Registry backed by a SQL database.

Parameters:
registryConfig : SqlRegistryConfig or str

Load configuration

schemaConfig : SchemaConfig or str

Definition of the schema to use.

create : bool

Assume registry is empty and create a new one.

Attributes Summary

defaultConfigFile Path to configuration defaults.

Methods Summary

addDataUnitEntry(dataUnitName, values) Add a new DataUnit entry.
addDataset(datasetType, dataId, run[, …]) Adds a Dataset entry to the Registry
addDatasetLocation(ref, datastoreName) Add datastore name locating a given dataset.
addExecution(execution) Add a new Execution to the SqlRegistry.
addQuantum(quantum) Add a new Quantum to the SqlRegistry.
addRun(run) Add a new Run to the SqlRegistry.
associate(collection, refs) Add existing Datasets to a collection, possibly creating the collection in the process.
attachComponent(name, parent, component) Attach a component to a dataset.
disassociate(collection, refs[, remove]) Remove existing Datasets from a collection.
ensureRun(run) Conditionally add a new Run to the SqlRegistry.
export(expr) Export contents of the SqlRegistry, limited to those reachable from the Datasets identified by the expression expr, into a TableSet format such that it can be imported into a different database.
find(collection, datasetType, dataId) Lookup a dataset.
findDataUnitEntry(dataUnitName, value) Return a DataUnit entry corresponding to a value.
getDataUnitDefinition(dataUnitName) Return the definition of a DataUnit (an actual DataUnit object).
getDataset(id) Retrieve a Dataset entry.
getDatasetLocations(ref) Retrieve datastore locations for a given dataset.
getDatasetType(name) Get the DatasetType.
getExecution(id) Retrieve an Execution.
getQuantum(id) Retrieve an Quantum.
getRegion(dataId) Get region associated with a dataId.
getRun([id, collection]) Get a Run corresponding to its collection or id
import_(tables, collection) Import (previously exported) contents into the (possibly empty) SqlRegistry.
makeDatabaseDict(table, types, key, value) Construct a DatabaseDict backed by a table in the same database as this Registry.
makeProvenanceGraph(expr[, types]) Make a QuantumGraph that contains the full provenance of all Datasets matching an expression.
makeRun(collection) Create a new Run in the SqlRegistry and return it.
markInputUsed(quantum, ref) Record the given DatasetRef as an actual (not just predicted) input of the given Quantum.
merge(outputCollection, inputCollections) Create a new collection from a series of existing ones.
query(sql, **params) Execute a SQL SELECT statement directly.
registerDatasetType(datasetType) Add a new DatasetType to the SqlRegistry.
removeDatasetLocation(datastoreName, ref) Remove datastore location associated with this dataset.
selectDataUnits(originInfo, expression, …) Evaluate a filter expression and lists of DatasetTypes and return a set of data unit values.
setDataUnitRegion(dataUnitNames, value, region) Set the region field for a DataUnit instance or a combination thereof and update associated spatial join tables.
subset(collection, expr, datasetTypes) Create a new collection by subsetting an existing one.
transaction() Context manager that implements SQL transactions.

Attributes Documentation

defaultConfigFile = None

Path to configuration defaults. Relative to $DAF_BUTLER_DIR/config or absolute path. Can be None if no defaults specified.

Methods Documentation

addDataUnitEntry(dataUnitName, values)

Add a new DataUnit entry.

dataUnitName : str
Name of the DataUnit (e.g. "Camera").
values : dict
Dictionary of columnName, columnValue pairs.
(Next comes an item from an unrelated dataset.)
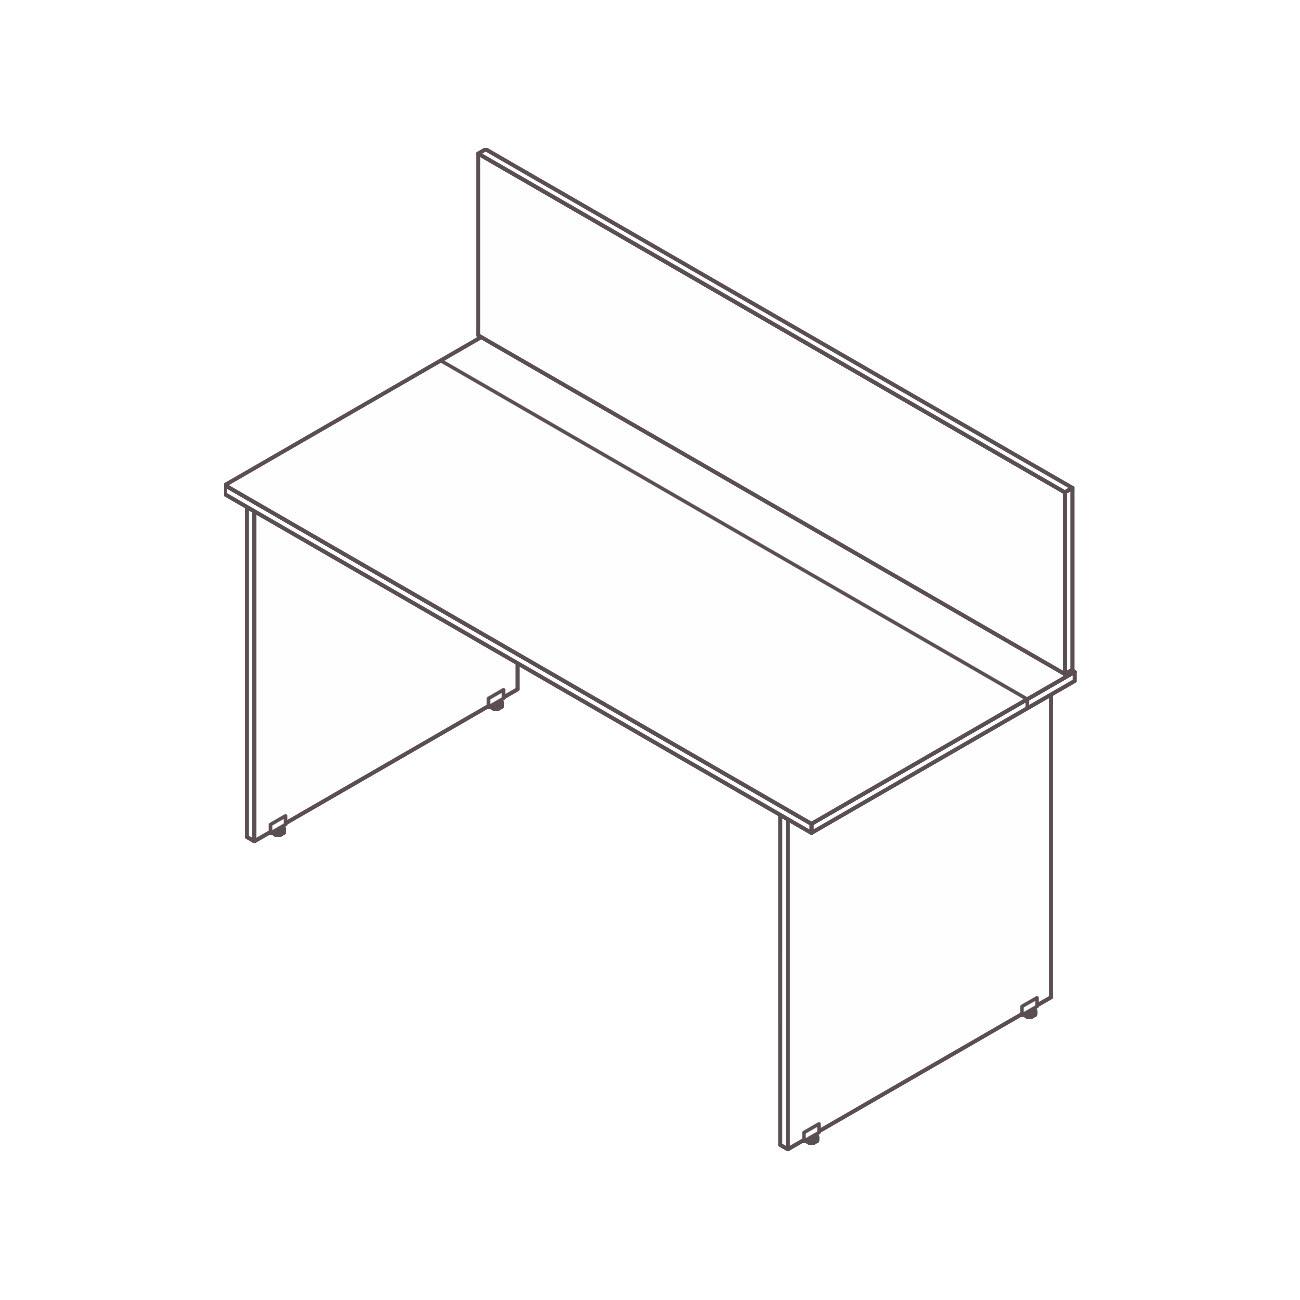 Mesa plataforma individual (passa fio / tomada) diamante

If values includes a “region” key, setDataUnitRegion will automatically be called to set it any associated spatial join tables. Region fields associated with a combination of DataUnits must be explicitly set separately.

Raises:
TypeError

If the given DataUnit does not have explicit entries in the registry.

ValueError

If an entry with the primary-key defined in values is already present.

addDataset(datasetType, dataId, run, producer=None, recursive=False)

Adds a Dataset entry to the Registry

This always adds a new Dataset; to associate an existing Dataset with a new collection, use associate.

Parameters:
datasetType : DatasetType

Type of the Dataset.

dataId : dict

A dict of DataUnit link name, value pairs that label the DatasetRef within a collection.

run : Run

The Run instance that produced the Dataset. Ignored if producer is passed (producer.run is then used instead). A Run must be provided by one of the two arguments.

producer : Quantum

Unit of work that produced the Dataset. May be None to store no provenance information, but if present the Quantum must already have been added to the SqlRegistry.

recursive : bool

If True, recursively add Dataset and attach entries for component Datasets as well.

Returns:
ref : DatasetRef

A newly-created DatasetRef instance.

Raises:
ValueError

If a Dataset with the given DatasetRef already exists in the given collection.

Exception

If dataId contains unknown or invalid DataUnit entries.

addDatasetLocation(ref, datastoreName)

Add datastore name locating a given dataset.

Typically used by Datastore.

Parameters:
ref : DatasetRef

A reference to the dataset for which to add storage information.

datastoreName : str

Name of the datastore holding this dataset.

addExecution(execution)

Add a new Execution to the SqlRegistry.

If execution.id is None the SqlRegistry will update it to that of the newly inserted entry.

Parameters:
execution : Execution

Instance to add to the SqlRegistry. The given Execution must not already be present in the SqlRegistry.

Raises:
Exception

If Execution is already present in the SqlRegistry.

addQuantum(quantum)

Add a new Quantum to the SqlRegistry.

Parameters:
quantum : Quantum

Instance to add to the SqlRegistry. The given Quantum must not already be present in the SqlRegistry (or any other), therefore its:

  • run attribute must be set to an existing Run.
  • predictedInputs attribute must be fully populated with DatasetRefs, and its.
  • actualInputs and outputs will be ignored.
addRun(run)

Add a new Run to the SqlRegistry.

Parameters:
run : Run

Instance to add to the SqlRegistry. The given Run must not already be present in the SqlRegistry (or any other). Therefore its id must be None and its collection must not be associated with any existing Run.

Raises:
ValueError

If a run already exists with this collection.

associate(collection, refs)

Add existing Datasets to a collection, possibly creating the collection in the process.

Parameters:
collection : str

Indicates the collection the Datasets should be associated with.

refs : list of DatasetRef

A list of DatasetRef instances that already exist in this SqlRegistry.

attachComponent(name, parent, component)

Attach a component to a dataset.

Parameters:
name : str

Name of the component.

parent : DatasetRef

A reference to the parent dataset. Will be updated to reference the component.

component : DatasetRef

A reference to the component dataset.

disassociate(collection, refs, remove=True)

Remove existing Datasets from a collection.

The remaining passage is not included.